I just got in from shopping.
I need to lie down.
We have Spring Break coming up, so I wanted to get a few things. The first place I went was Academy. I am all over that place...like, I love everything in there. Leggings, hoodies, t-shirts, shorts...socks, shoes. I LOVE IT ALL. It's my happy place.
And then...it was time to head to the mall to look for a swimsuit. DAH, DAH. DAHHHHH.
And in a dressing room, with a hand-full of swimsuits to try on...THINGS. GET. REAL.
I can cover up a lot. Foundation, under-eye cream, concealer...even sunglasses...these are all my friends. I love me a cardigan or a little jacket. Long shorts, track-suits and leggings. Ahhh...
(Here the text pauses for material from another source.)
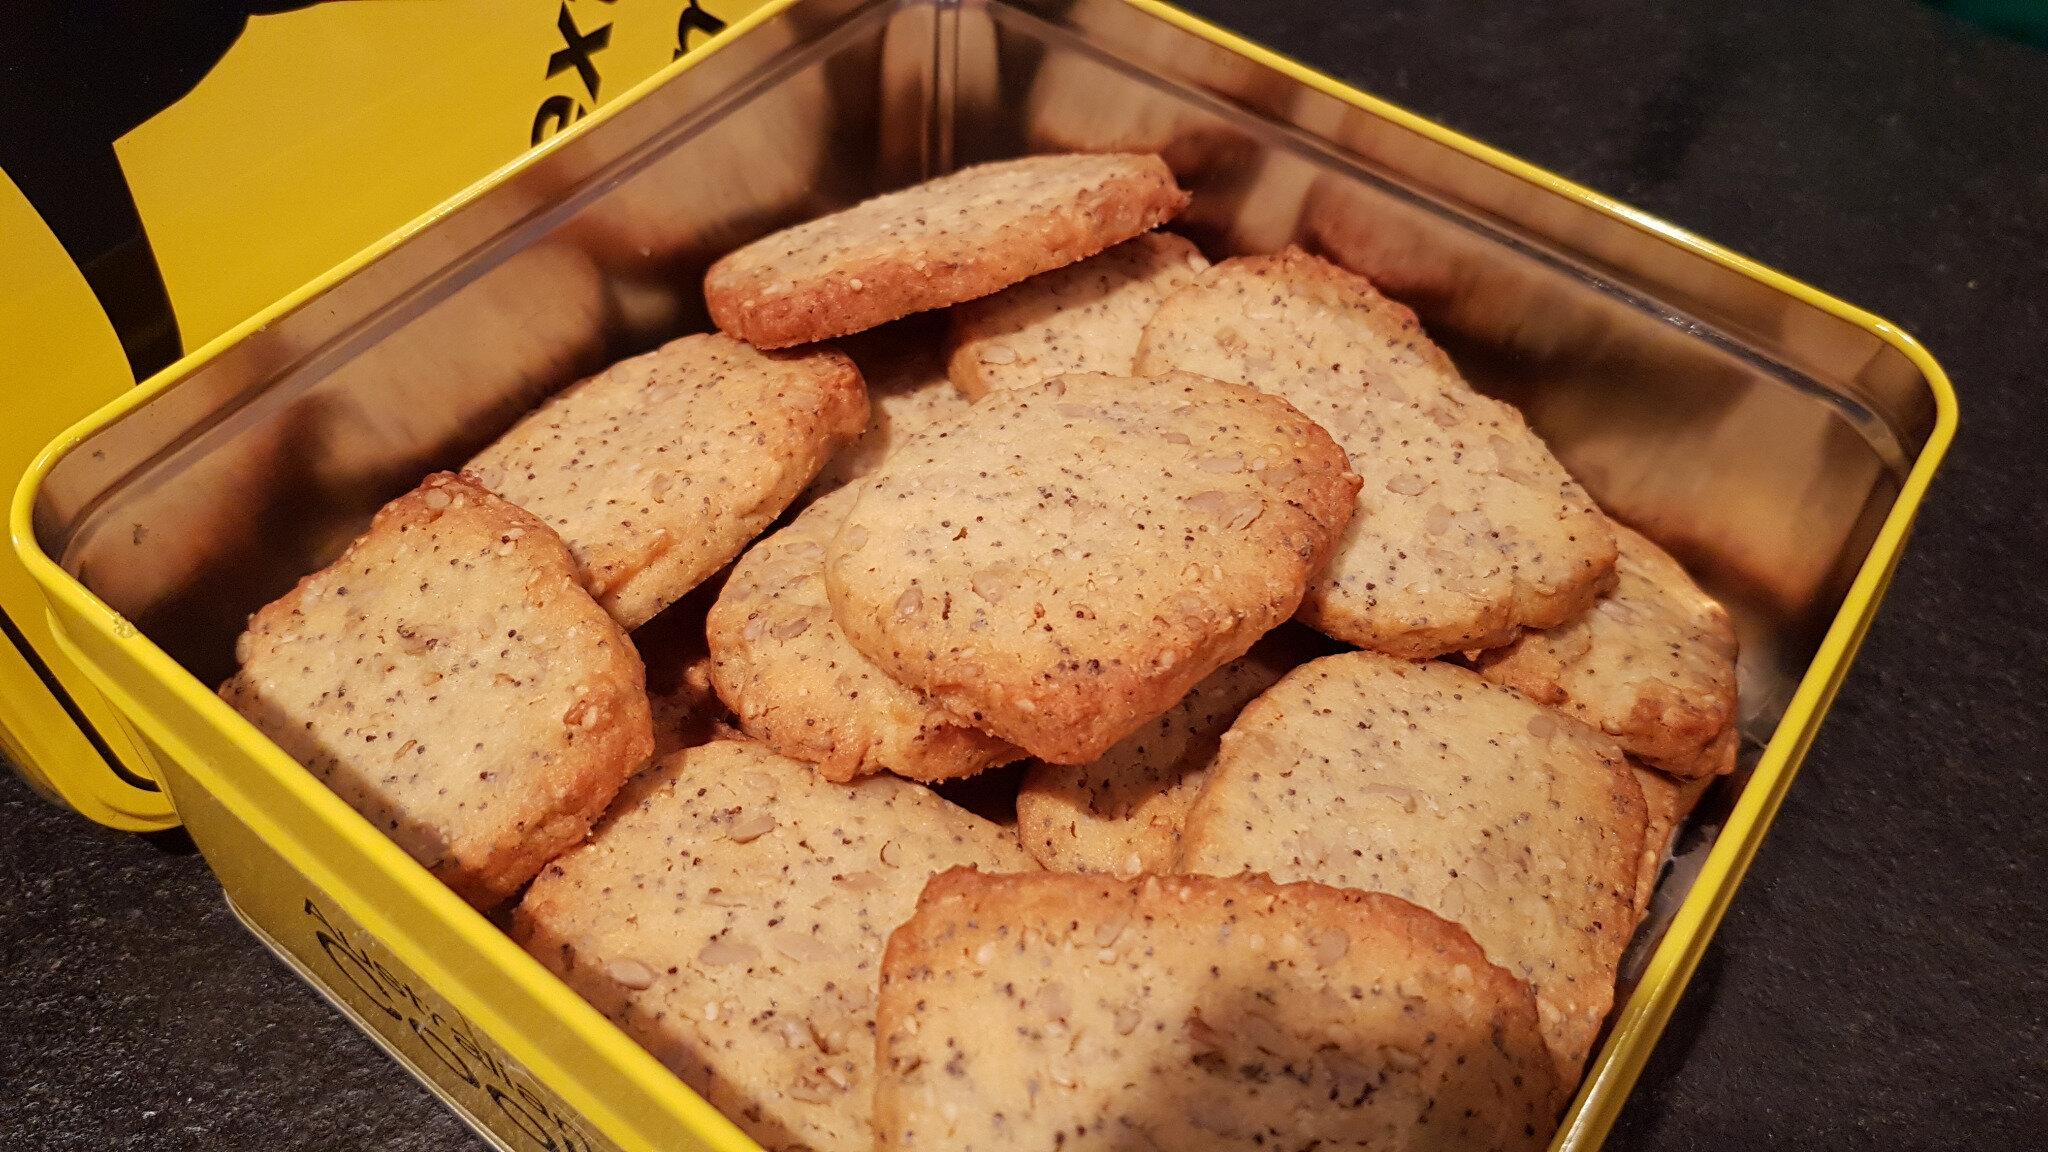 Les biscuits du Piaf

But stand half-nekked under the bright fluorescent lights of a department store dressing room and there's no hiding. And, I don't know about you, but I felt like I'd had a cardio work-out after I was done...pulling, reaching, shimmy-ing...is that even a word? I had about worked up a sweat! WHEW!
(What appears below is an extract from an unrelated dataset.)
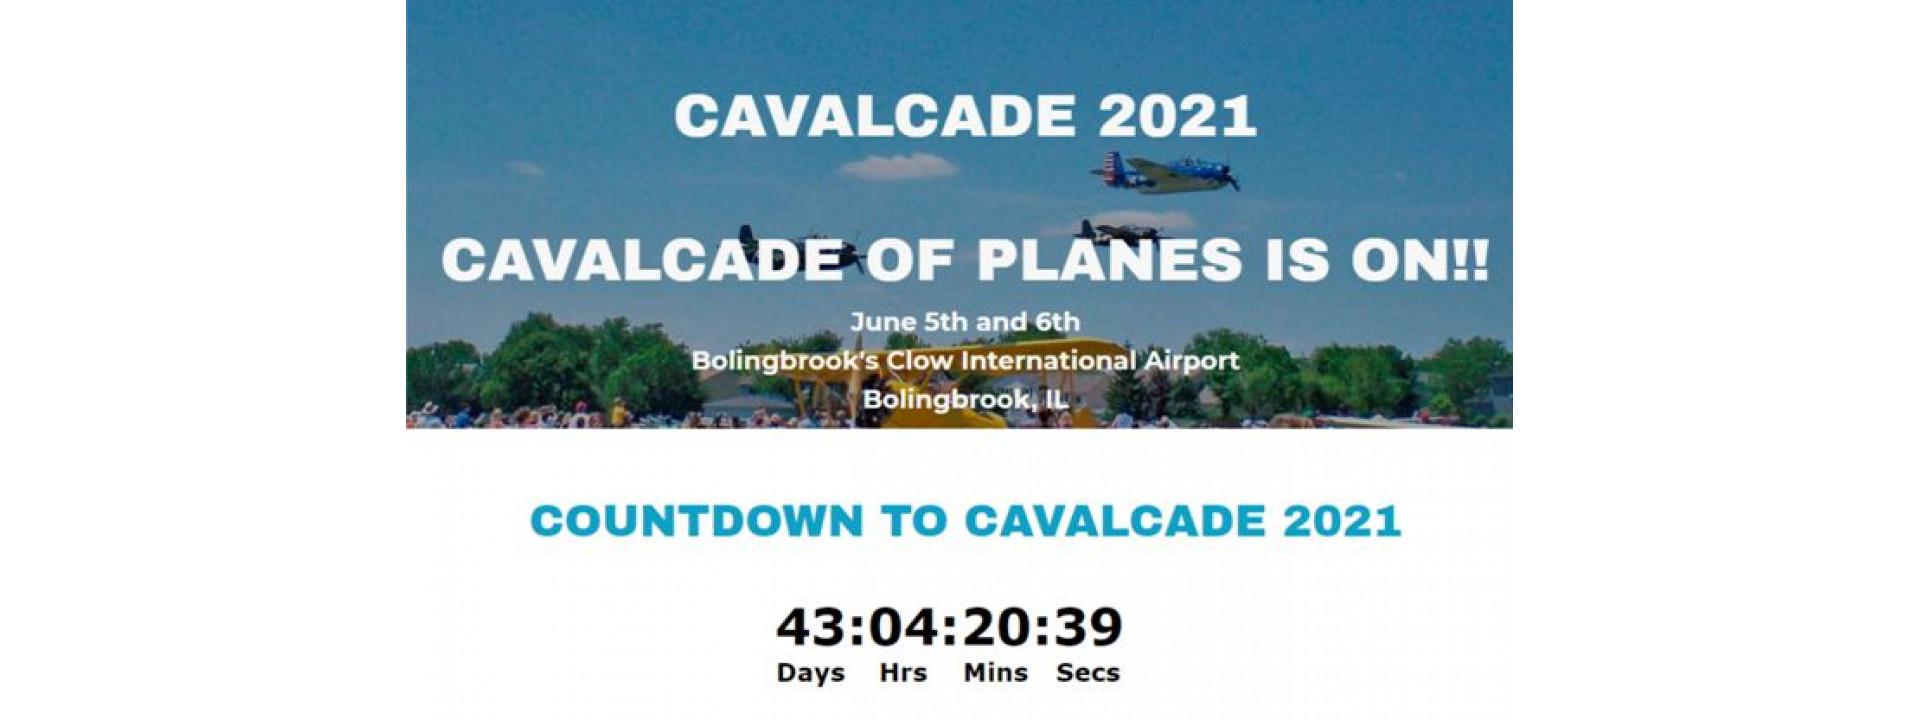 Cavalrade 2021

Side note: the other day when I was looking for shorts, I told Joshua, "I really like the longer shorts...for me." And he said, "I agree...I don't want to see that much of you."
*slow blink*
I try not to say anything about body issues in front of anyone. I am very thankful to be healthy. I really don't want to pass down any negative feelings about how I look down to my children...or my friends. Truth is, the shape I'm in has nothing to do with how God made me...and everything to do with eating habits, physical activity (or the lack thereof)...and birthing 4 children. Can I get an Amen on the last one?
And as much as I want to start running with my daughter, it's just a matter of time before my bladder falls smack out on the ground...and no one wants to see that. Am I right?
What if we uncover all that we've covered up...on the inside? Lay it right out in the open. If we really are about what's in our hearts and not what's on the outside...then why do we spend so much time adorning our outer person?
There are lots of things we cover up besides the "problem areas" of our bodies. We cover up our beliefs. Sometimes, we do. We fear losing our jobs or our reputations or our friends...maybe even our families. We fear that we might hurt someone's feelings. We fear that we can't defend our beliefs if someone questions us about them.
We cover up our abilities. Sometimes we say we are "too busy." Sometimes it seems easier to just let someone else do it.
We cover up anger, hurt, disappointment. We cover up our insecurities. We cover up how we really act at home.
Sometimes, we cover up our dreams. We question whether or not it could really be. What if we tried? What if we fail?
Everyone will know.
Sometimes, we cover up our sin.
But God made us and He sees all of us...the good that we show, and the not-so-good that we try to hide.
What if...we laid it all at His feet?
All...of us.
And let Him work...and let Him lead.